The thicker the extraocular muscle, the better the response rate to IV MPD treatment. In active GO patients, edema occurs because of an inflammatory response of the orbital fibroblast. Hydrophilic hyaluronan accumulates between the intact extraocular muscle fibers and causes an increase in the muscle volume.1 Our result suggests that IV MPD treatment night be effective for edematous changes. Similarly, another study reported that the inferior rectus/fat ratio on MRI is predictive of the response to glucocorticoid therapy in GO patients.16

The higher the TBII, the lower the response to IV MPD treatment.
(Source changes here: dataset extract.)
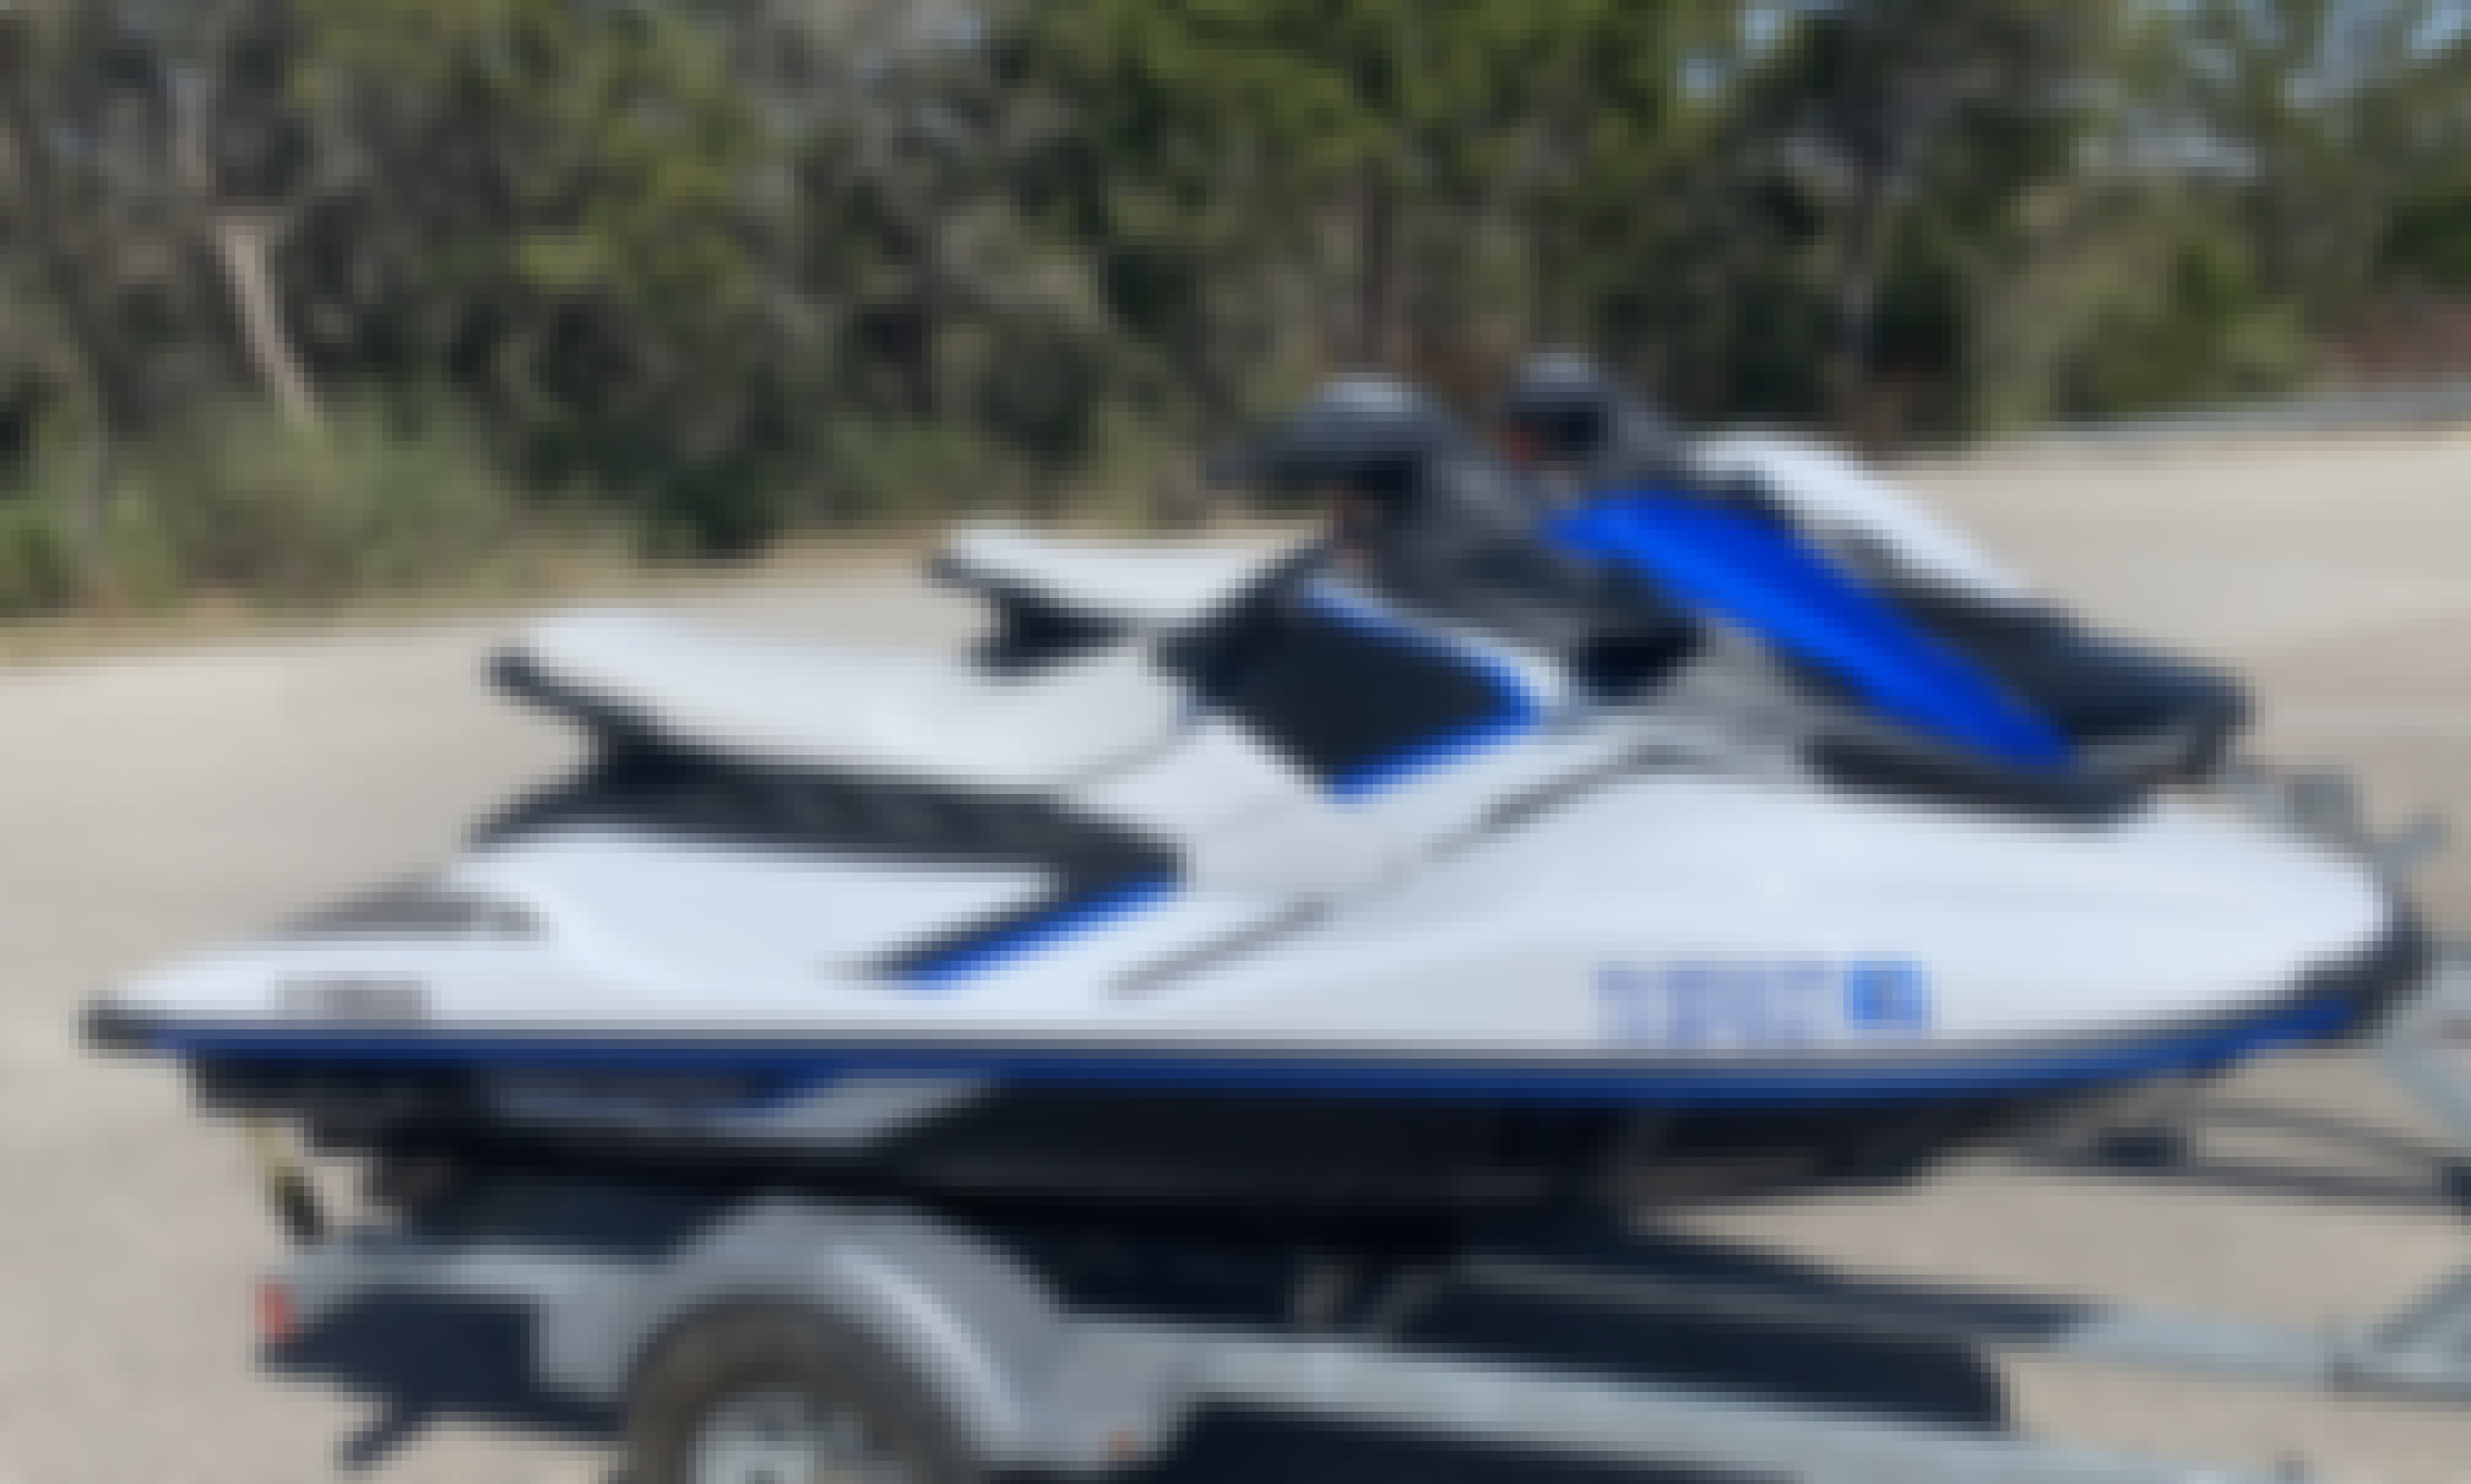 2018 Yamaha Waverunner for Rent in Austin

Expression of the thyrotropin (TSH) receptor in orbital tissue is elevated in active phase GO patients, which suggest an important role of thyrotropin antibodies (TRAbs) in the pathogenesis of GO.2021 In several previous studies, the TBII titer was strongly associated with clinical activity and severity of GO.2223 In addition, Eckstein et al.24 reported that the TBII levels remained elevated after steroid treatment in 93% of very active GO patients (non-responder) compared with 42% of inactive GO patients (P = 0.02). Given that steroids can reduce or change the number or function of immune cells and decrease the level of immunoglobulin and cytokines,25 patients with high TBII levels have a more severe immune reaction, and these patients may require stronger immunosuppressive treatment than IV steroid or a higher dose of IV steroid treatment.

The limitation of our study is that, firstly, because this study was conducted in a tertiary hospital, there may be a selection bias in patient selection. It is possible that more severe GO patients were included in our study. Secondly, our study was a retrospective observational study and included a relatively small number of GO patients, which may have influenced the results.

In conclusion, it appears that IV MPD treatment for active moderate-to-severe GO patients is not as effective as reported previously. Parameters associated with CAS and soft-tissue involvement were found to be influenced by IV MPD treatment. An enlarged extraocular muscle, younger age, and TBII were predictive factors for a good response to IV MPD treatment. Therefore, if GO patients were selected by considering these factors before IV MPD treatment, more appropriate treatment would be possible.